Ok. Ya'll......would like to make some fish jerky....Any ideas...Anyone made any?....

SmokinMad


----------



## cmayna (Sep 27, 2013)

Hmmmmmm.......I know this guy

What type of fish ya' thinking of smoking?

Here's a couple pics of some Salmon I jerkied recently.  Going to do a bunch more this weekend.


Being brined




















Tapayakin' from my iphone


----------



## smokinmad (Sep 28, 2013)

cmayna said:


> Hmmmmmm.......I know this guy
> 
> What type of fish ya' thinking of smoking?
> 
> ...


Cmayna.......Boy says he'll take a bag....Says THAT LOOKS AMAZING......Here in da midwest, he catches bass, cats and gills, but works in a grocery store and says he might be able to get some salmon at cost.....I agree.. taht looks Mighty Tasty

SmokinMad


----------



## bkleinsmid (Sep 28, 2013)

I have made salmon and tuna jerky.........both turned out very good.

Brad


----------



## ernurse28 (Oct 8, 2013)

Hey cmayna what's your recipe and smoking times for this fish jerky? It looks great!


----------



## cmayna (Oct 8, 2013)

Dry brine of dark brown sugar and non iodized salt.

Brine for 3-4 hours

air dry under a fan for 2 hours

Smoke around 140-150 for 2 hours

Dehydrate for 4.5-6 hours depending on thickness.


----------



## ernurse28 (Oct 8, 2013)

Thanks!


----------



## marteenhook (Oct 10, 2013)

Once I made salmon jerky and it's taste very yummy...


----------



## ernurse28 (Nov 8, 2013)

Cmayna what are the amounts of brown sugar & salt do you add and how much liquids? You use water? I thinking about trying this out after this falls salmon run we had. Thanks for the help in advance!


----------



## cmayna (Nov 9, 2013)

ERNurse28 said:


> Cmayna what are the amounts of brown sugar & salt do you add and how much liquids? You use water? I thinking about trying this out after this falls salmon run we had. Thanks for the help in advance!
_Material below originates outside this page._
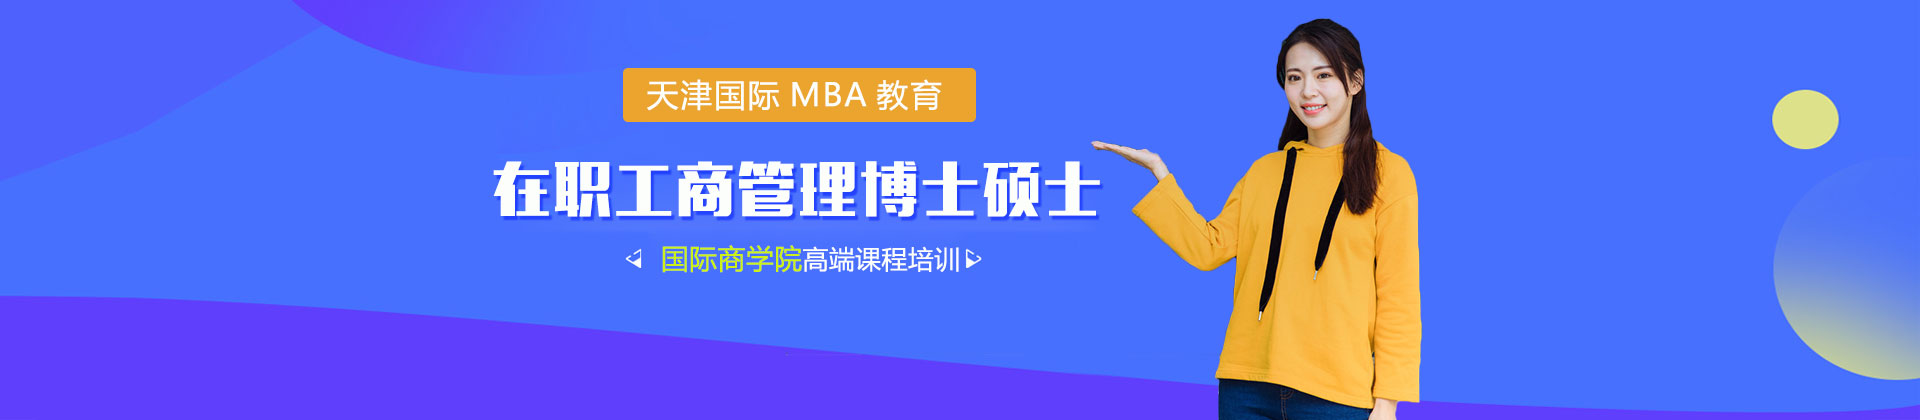 天津国际MBA教育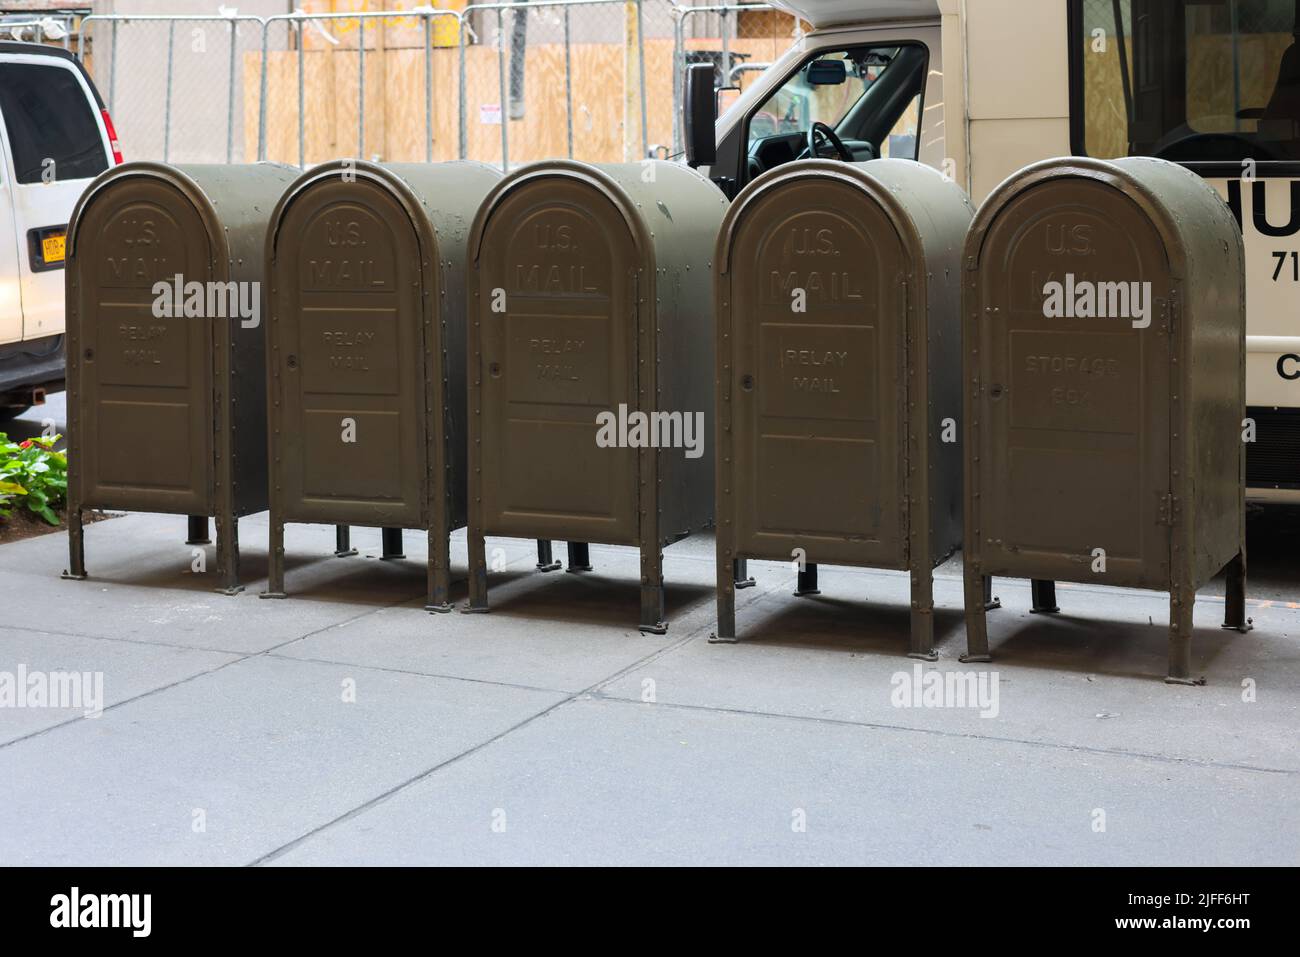 Une rangée de cinq boîtes aux lettres relais USPS de stockage postal en métal dans une rue Banque D'Images

No liquids.  Dry brine using 1/4 ratio of (non iodized salt / brown sugar)


----------



## ernurse28 (Nov 9, 2013)

So just to clarify so I don't ruin a batch. Are you doing 1/4c brown sugar and 1/4c non iodized salt per pound of fish jerky?


----------



## cmayna (Nov 9, 2013)

No. What I listed previously is a ratio.    Meaning for instance 1 cup of salt over 4 cups of sugar  =  (1/4).  For instance today I did 6# of salmon into Nuggets using the same ratio.  I doubled the dry brine recipe (2 cups salt over 8 cups of sugar), with the idea that I might have extra dry brine left over.


----------



## ernurse28 (Nov 9, 2013)

Awesome! Thx again!


----------